IL-1R1 signaling deficiency does not abrogate expansion potential of MyP. (A) Experimental scheme. (B) Representative microscopic images of MyP cultures after 4 days of incubation. Images taken at 10x magnification. (C) Representative flow-cytograms for flow-cytometry analysis of CD11bhiLy6Chi Mo after 4 days of culture. Number of total cells (D) and CD11bhiLy6Chi Mo (E) after 4 days of culture.

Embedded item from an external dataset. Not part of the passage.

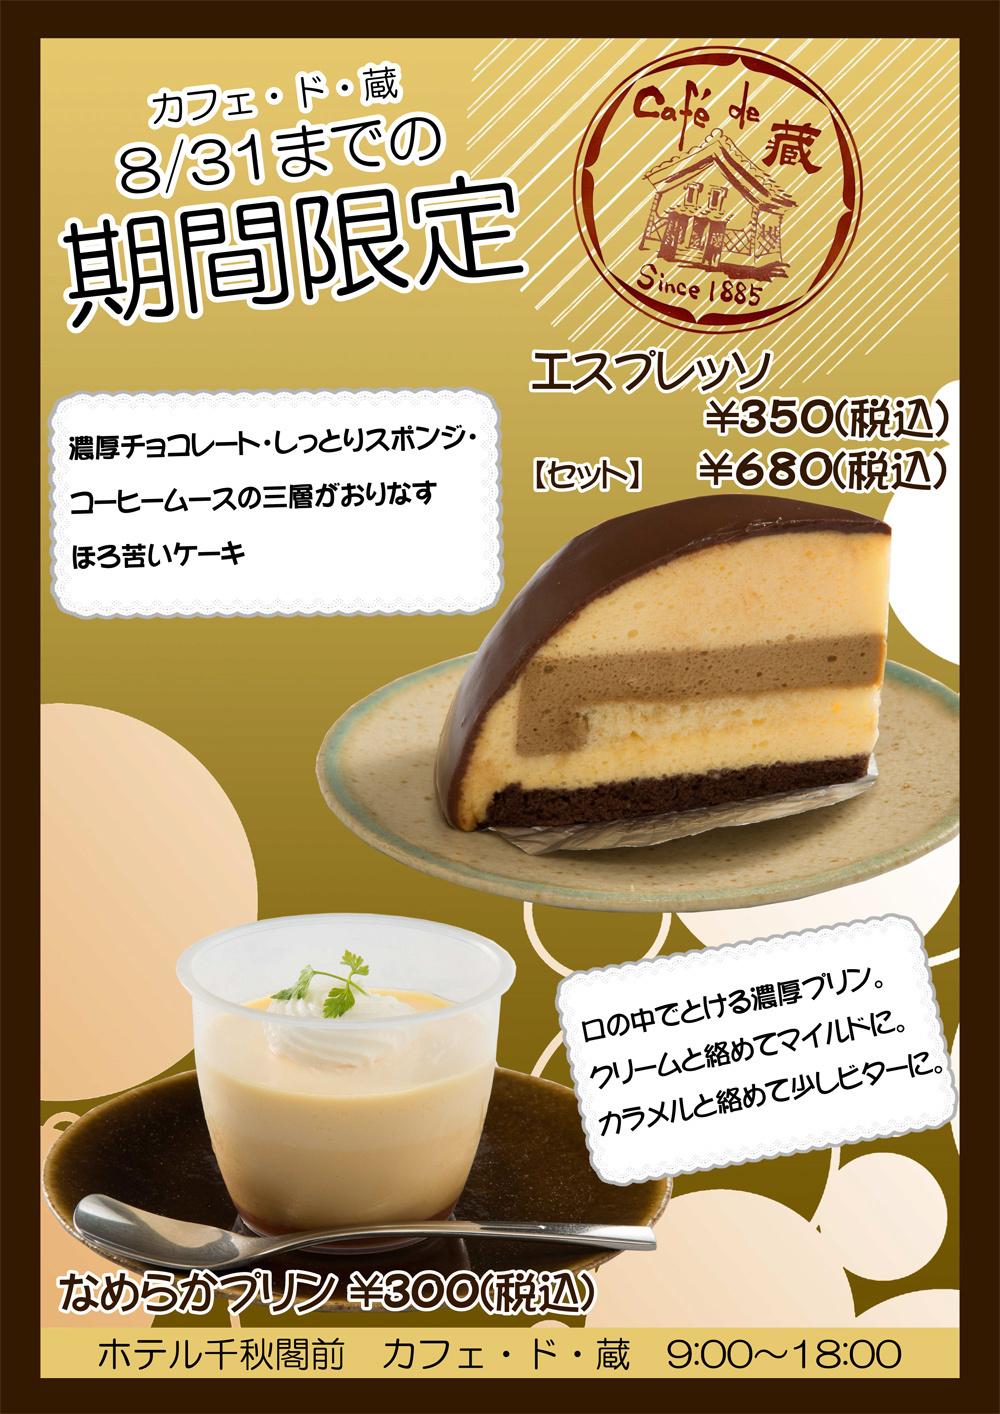 20150731_蔵ケーキ(エスプレッソ・プリン).jpg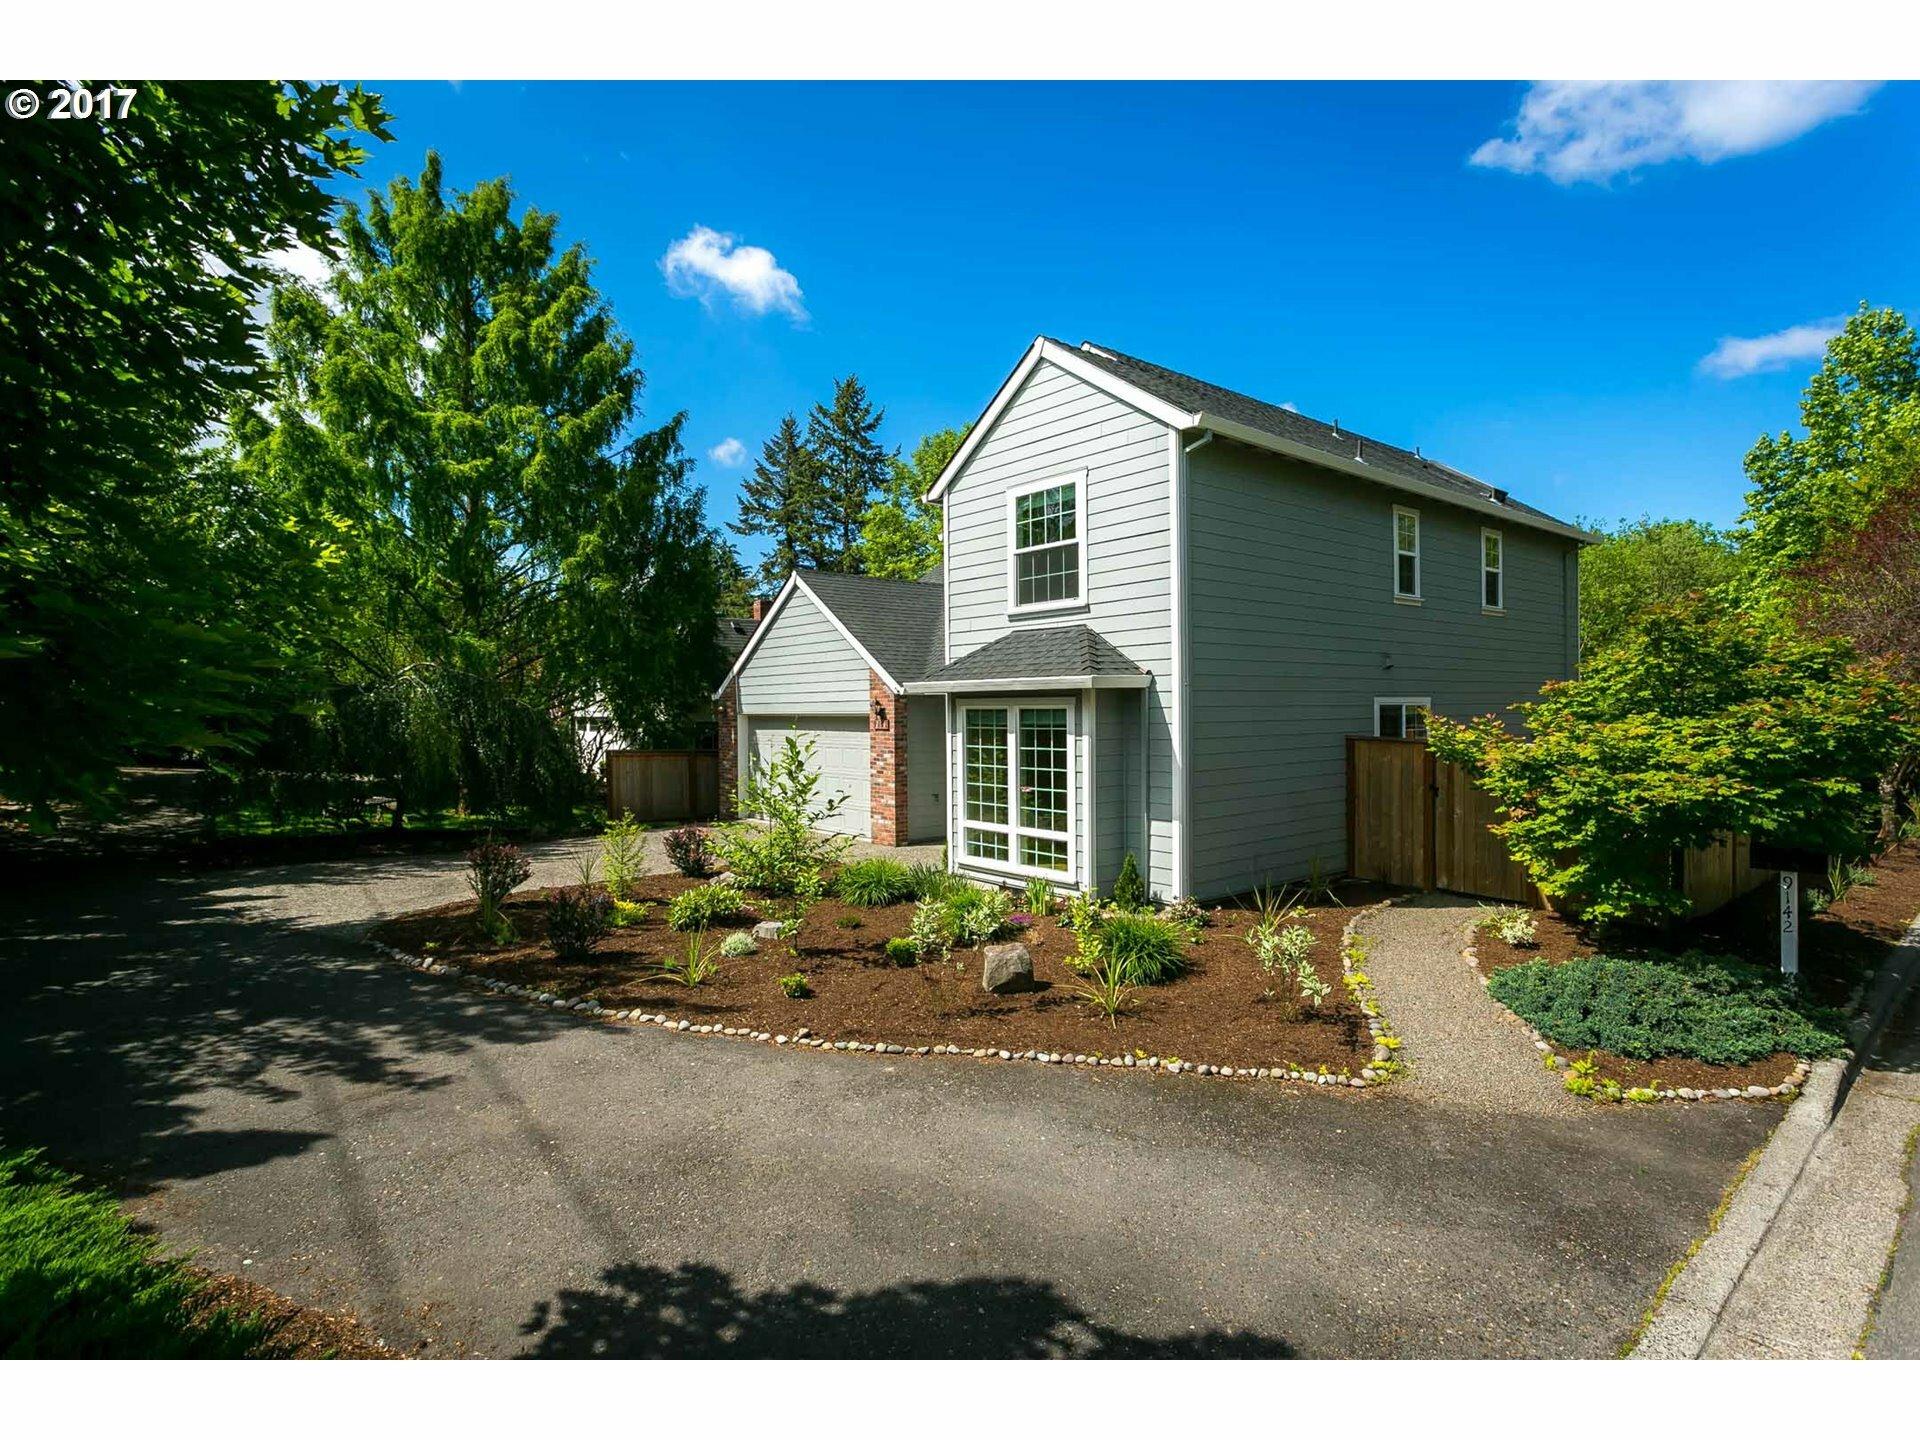 9142 Sw Midea Ct, Portland, OR - USA (photo 2)

Results are represented as mean ± SD. BM cells were collected from 2 mice for each strain and experiment was done once in triplicates. *p≤0.05, ***p≤0.001, ****p≤0.0001.

Figure 5:

Frequency of Ly6Clo Mo is higher in the circulation of Il1r1^−/− mice at steady state. (A) Representative flow-cytograms showing gating strategy for flow-cytometry analysis of Mo subsets in peripheral blood. (B-D) Percentage (of total BMC; upper panels) and number (lower panels) of total Mo (Ly6G-CD11b+CD115+), Ly6Chi Mo (Ly6G-CD11b+CD115+Ly6Chi) and Ly6Clo Mo (Ly6G-CD11b+CD115+Ly6Clo) in peripheral blood. Results are represented as mean ± SD, n=3 mice for each strain and each time point. c, mean value significantly different between two strains at same time point. p≤0.05 is significant.

Figure 6:

IL-1R1 signaling deficiency increases Ly6Clo Mo during early wound repair. (A) Percentage of wound area as compared with day 0 wounds. ImageJ software was used to measure wound area. (B) Representative flow-cytograms showing gating strategy for flow-cytometry analysis of innate immune cells at wounds. (C-H) Percentage (of live cells; upper panels) and number (lower panels) of total leukocytes (CD45+), Mo/Mp (CD45+Ly6G-CD11b+), Ly6Chi Mo (CD45+Ly6G-CD11b+F4/80-Ly6Chi), Ly6Clo Mo (CD45+Ly6G-CD11b+F4/80-Ly6Clo), Ly6Chi Mp (CD45+Ly6G-CD11b+F4/80+Ly6Chi) and Ly6Clo Mp, (CD45+Ly6G-CD11b+F4/80+Ly6Clo) in the wounds. Results are represented as mean ± SD, n=7 mice for each strain and each time point. a, mean value significantly different from day 0 in WT; b, mean value significantly different from day 0 in Il1r1^−/−; c, mean value significantly different between two strains at same time point. p≤0.05 is significant.